**What is expected:** In the listing beneath this line, copy exactly the lines starting with the one containing "Love is for 1680 x 945 HDTV resolution" and going on through the one containing "King Charles has".

**Dataset excerpts:**

◆ ◆ ◆ ◆ ◆ ◆ ◆

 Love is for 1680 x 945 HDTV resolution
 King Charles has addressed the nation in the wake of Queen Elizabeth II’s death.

◆ ◆ ◆ ◆ ◆ ◆ ◆

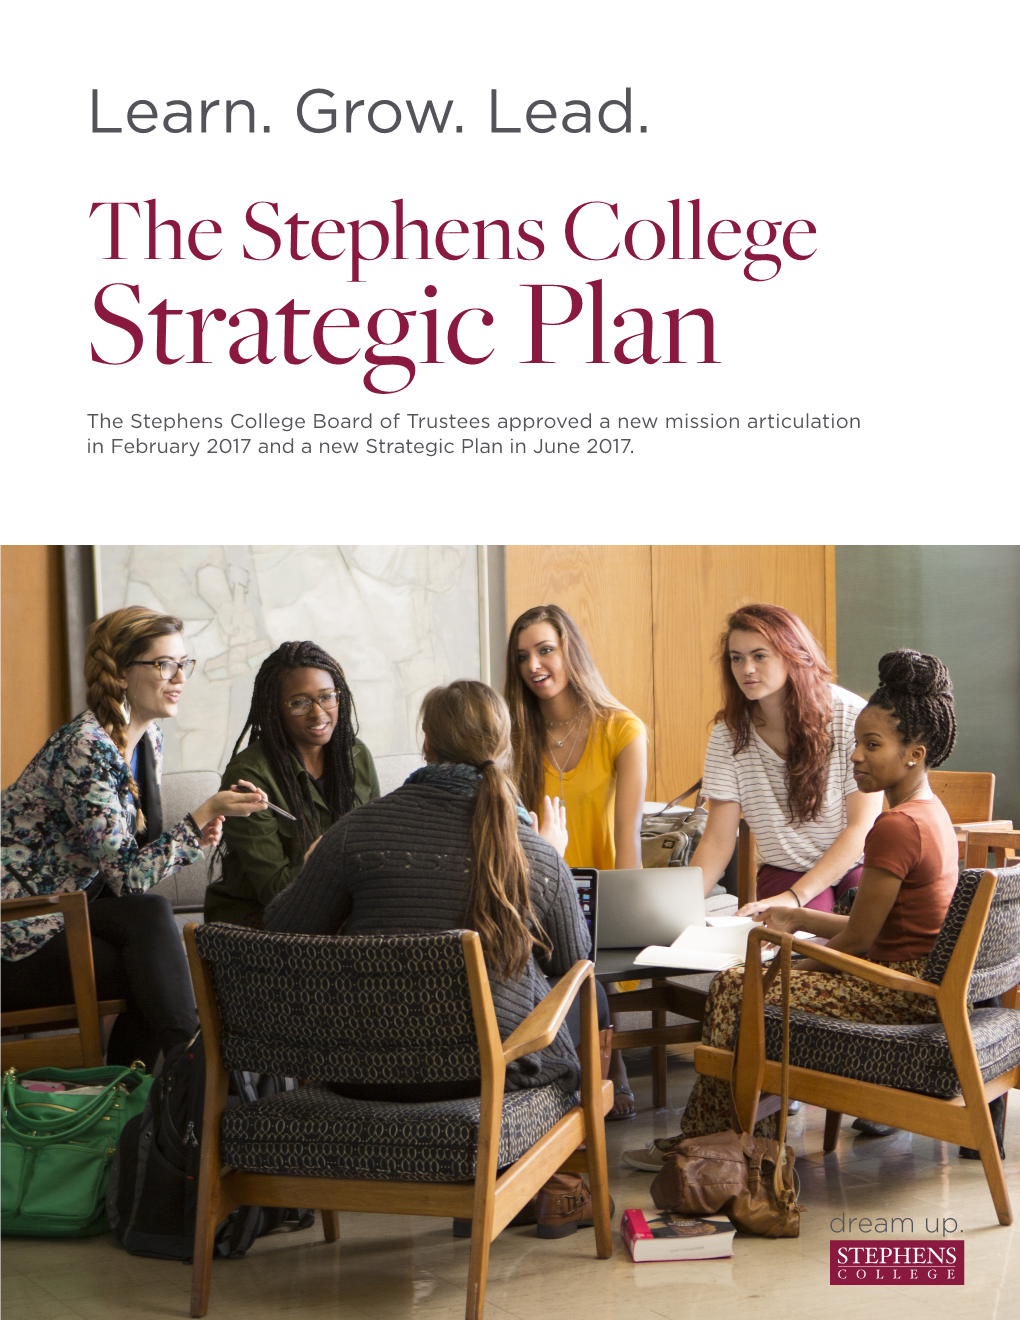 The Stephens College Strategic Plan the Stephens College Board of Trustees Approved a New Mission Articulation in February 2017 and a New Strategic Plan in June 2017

◆ ◆ ◆ ◆ ◆ ◆ ◆

**Solution for this task:**
 Love is for 1680 x 945 HDTV resolution
 King Charles has addressed the nation in the wake of Queen Elizabeth II’s death.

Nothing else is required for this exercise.